Still, given that interest in large-format film is as high as it has been in years - Mission: Impossible 4, The Dark Knight Rises, and Star Trek Into Darkness all include segments shot in native IMAX, and Paul Thomas Anderson's The Master is getting a lot of notice for being shot in 65mm and exhibiting in 70mm in some theaters - I hope that at least a few 70mm prints have been made to show up in venues that can display them every once in a while. It's at least encouraging to see that the digital intermediate and mastering is being done at 8K, even though the filmmakers certainly could have gotten away with 4K; it shows an interest in being ready for higher-resolution formats later when many other movies from this period are going to be stuck at HDTV resolution.

Anyway, this looks great on film, so good that even the titles didn't look all jaggy from the front of the theater. I'm sure digital presentations will look quite nice, and I look forward to Oscilloscope sending me this as part of their "Circle of Trust" program, but 35mm is the way to go, at least for now.

Samsara

* * * ¾ (out of four)
Seen 10 September 2012 in Landmark Kendall Square #1 (first-run, 35mm)

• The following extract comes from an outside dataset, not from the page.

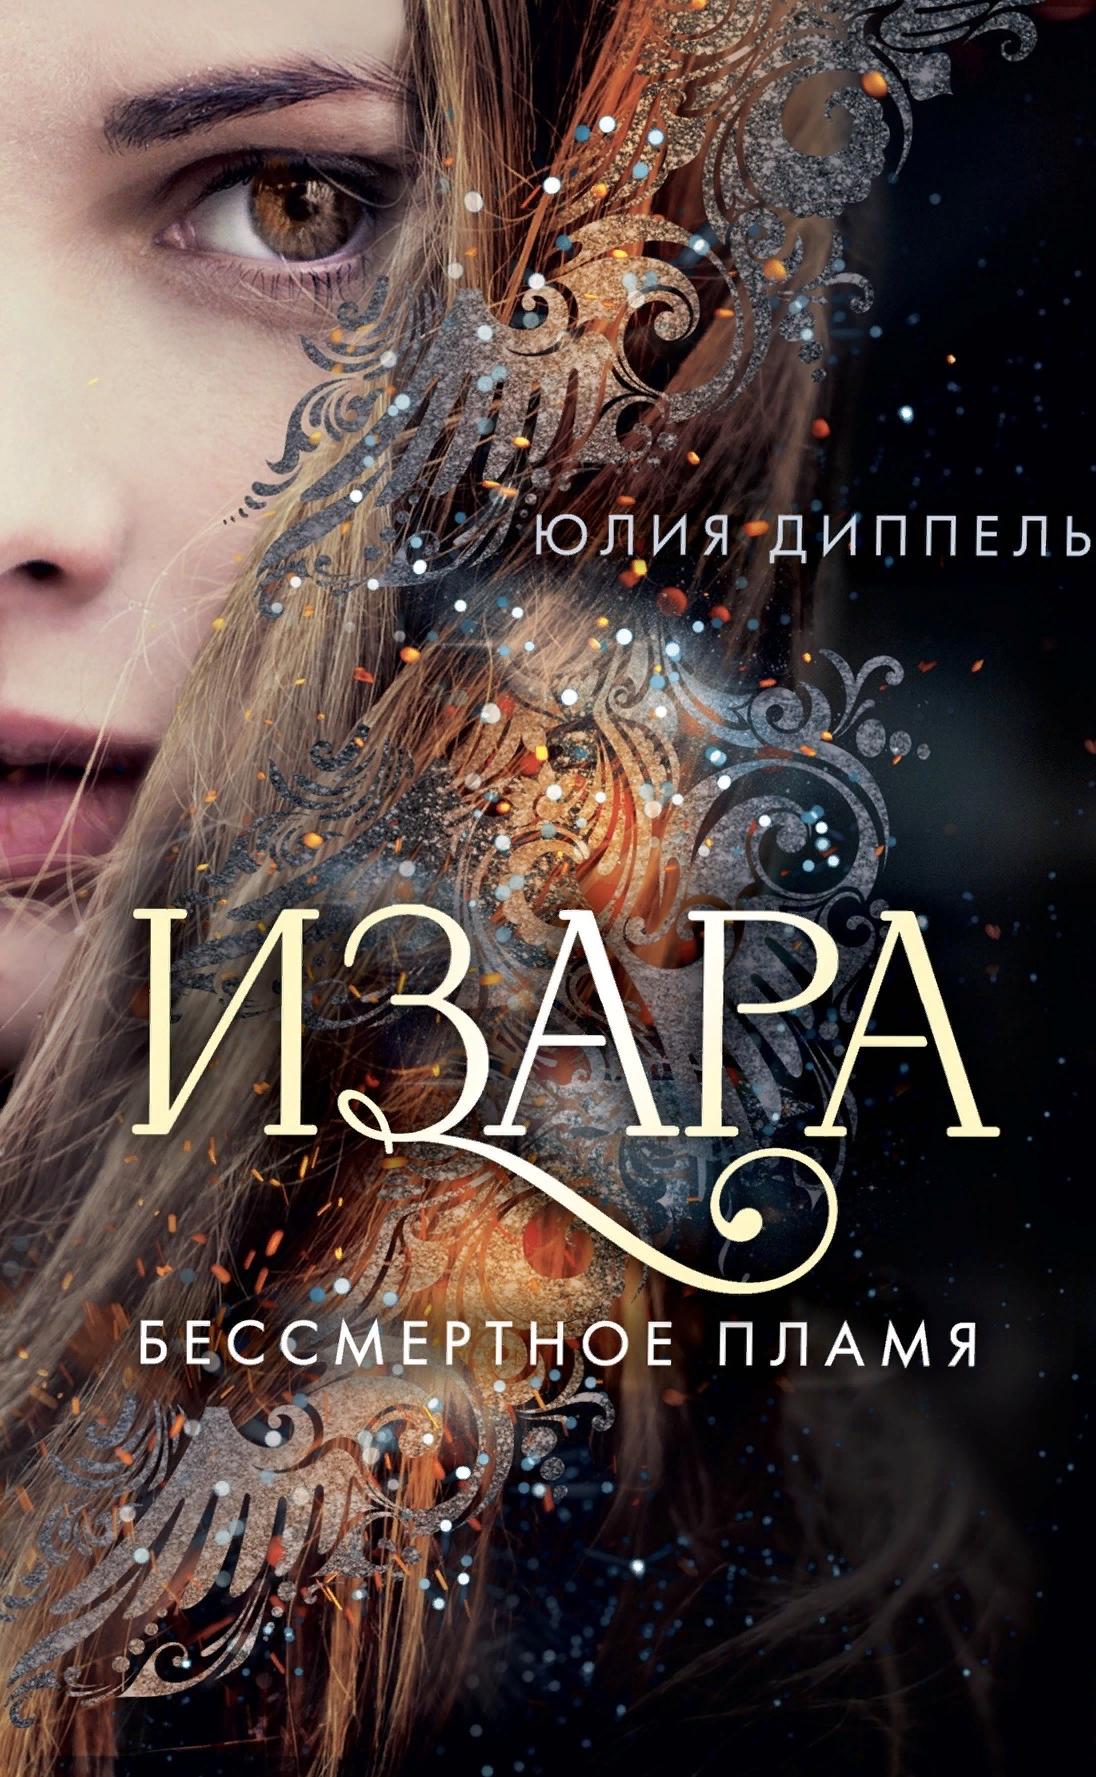 Юлия Диппель «Бессмертное пламя»

Especially early on, Samsara certainly looks like a movie that instills the same reaction as its trailer - "ooooohhh, pretty!" - only for longer. And, yes, it's certainly the kind of pretty that justifies the cost of a theater ticket. Filmmakers Ron Fricke and Mark Magidson do have somewhat more complex ambitions than that, crafting a picture that they likely hope will serve as both a window on the world and a mirror.

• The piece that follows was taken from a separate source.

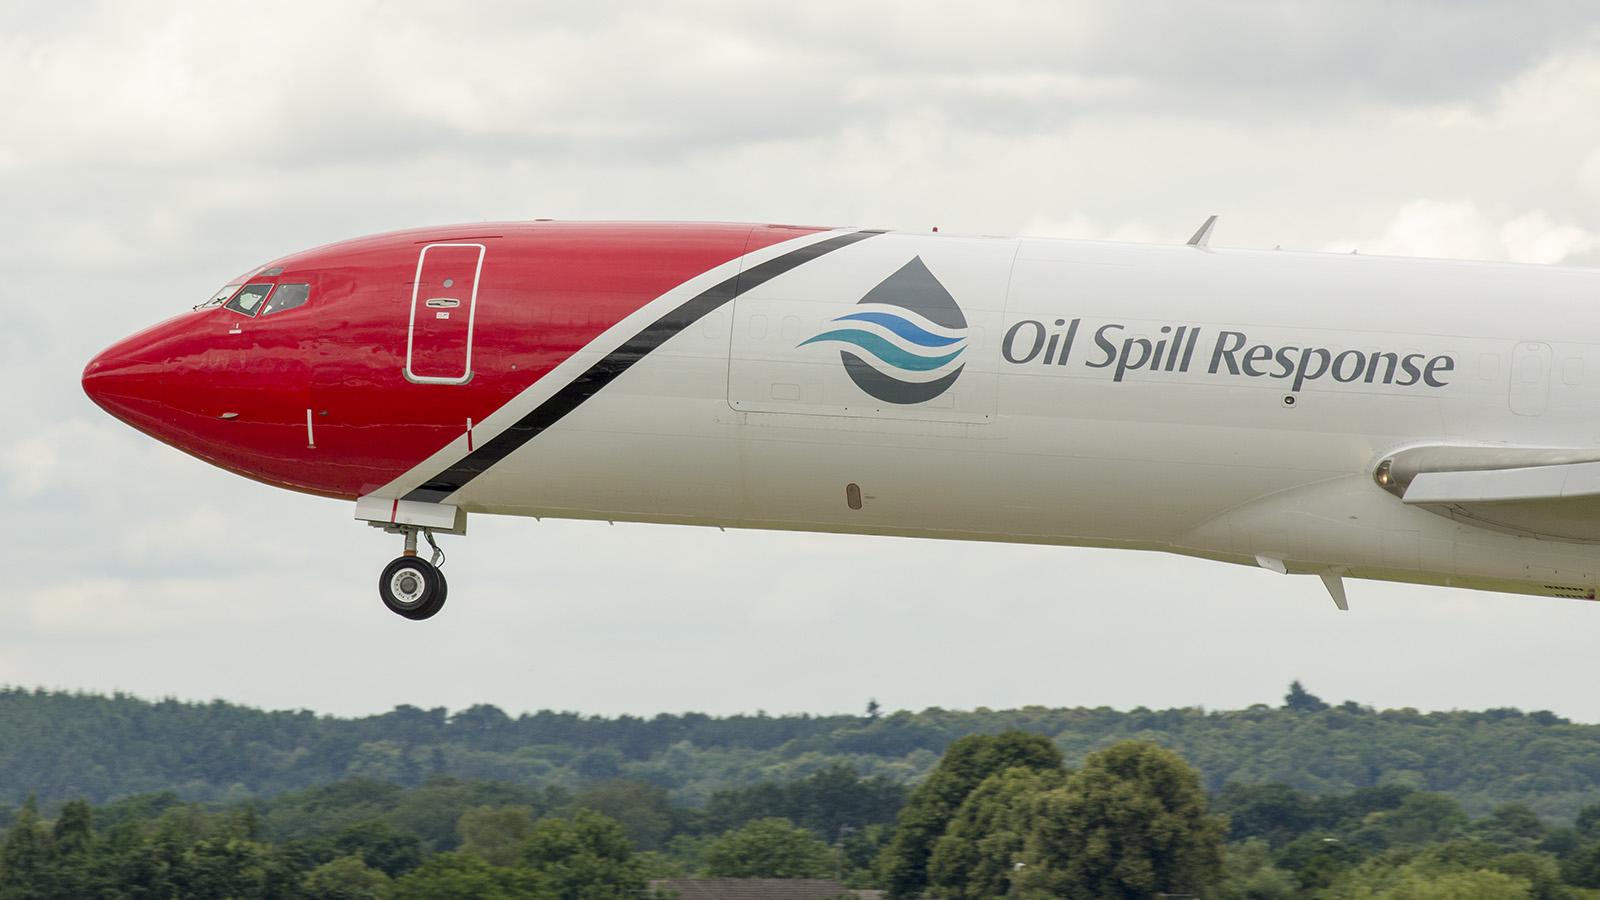 _IMG5971 Boeing 727-2S2FAdv RE Super 27 G-OSRA Oil Spill Response s

But, first, the technical: Samsara was shot over the course of years in Super 70 Panavision. The digital mastering was done at 8K resolution (roughly 8,000 pixels wide; for comparison HDTV is roughly 2K and most digital projection uses either 2K or 4K). So, exceptionally detailed formats are used at every stage of production, meaning that when you see it on 35mm film or 4K projection (much less the eventual home video release), you are seeing a mere fraction of the detail originally captured. It is a shame that there don't appear to be 70mm screenings at this time.

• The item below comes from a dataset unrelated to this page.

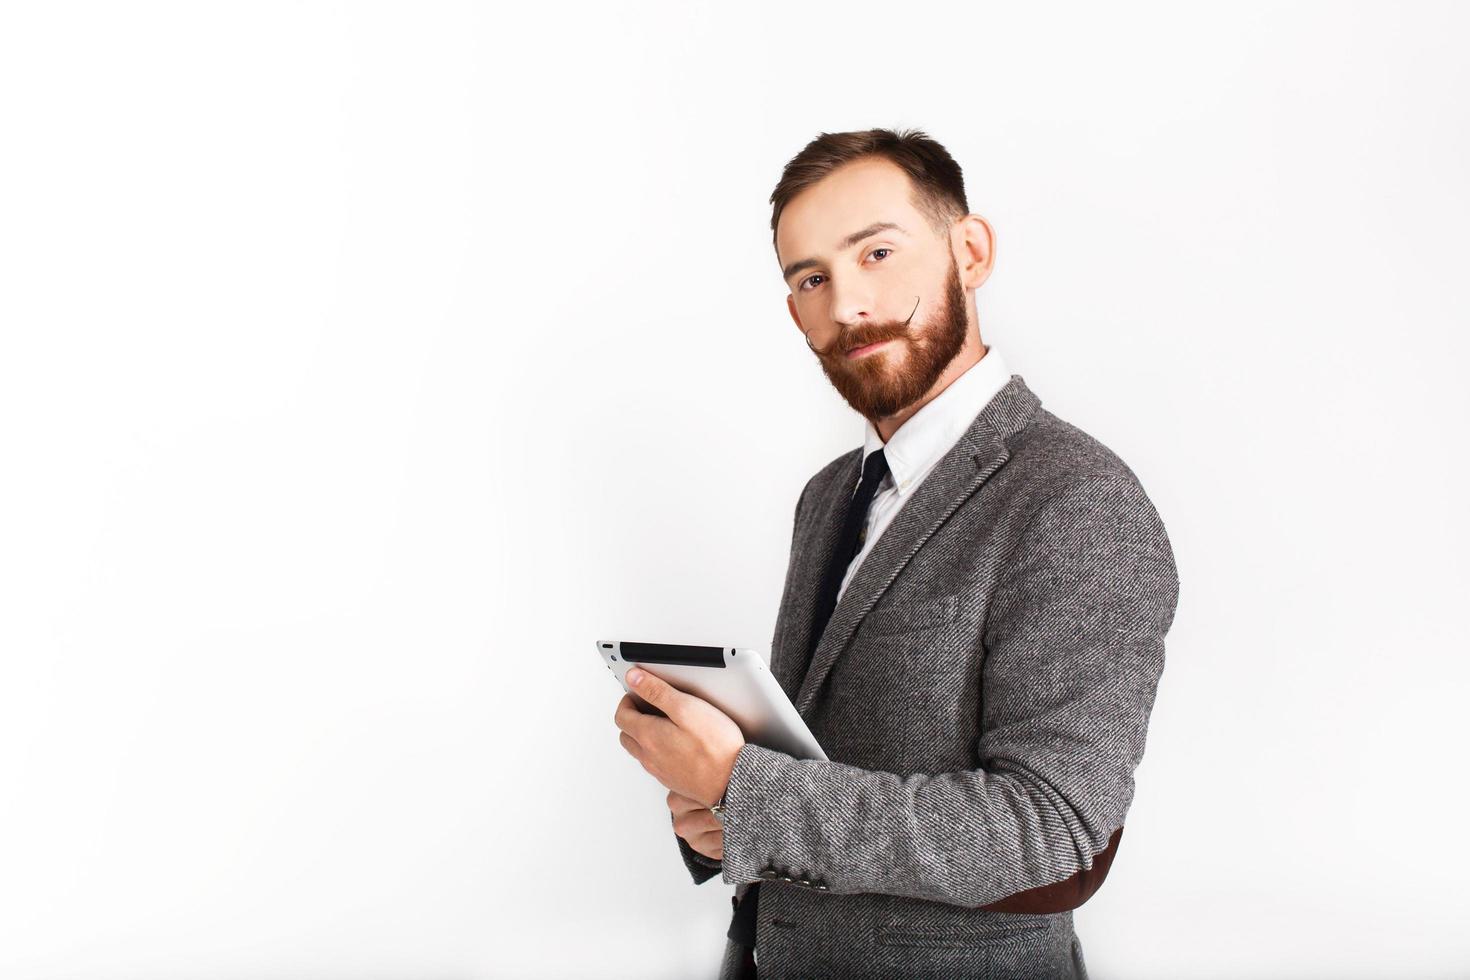 homem sério com barba ruiva posa em um terno cinza com tablet na mão foto

Fricke takes his large-format film camera around the world, shooting nature, cities, small towns, villages, industry, performance, and anything else. It is truly astounding to behold, and not just because Fricke is hauling a big camera to beautiful places. There is that, of course - a number of early shots will have audiences marveling that images like these often come from CGI in fictional films, because they are so grand and striking - but he's got a way of holding shots or doing gentle camera movements that encourage the eye to move and seek out details.

Full review at EFC.

1 comment:

Anonymous said...

I saw it in 4K. It's excellent Digital VIDEO if you go for that sort of thing. I would have much preferred a 70MM film negative reduction to 35mm prints.
It's a #$#$ing shame that the distributors are so spooked by the move to digital that they failed to strike even ONE 70MM film print - NOT ONE!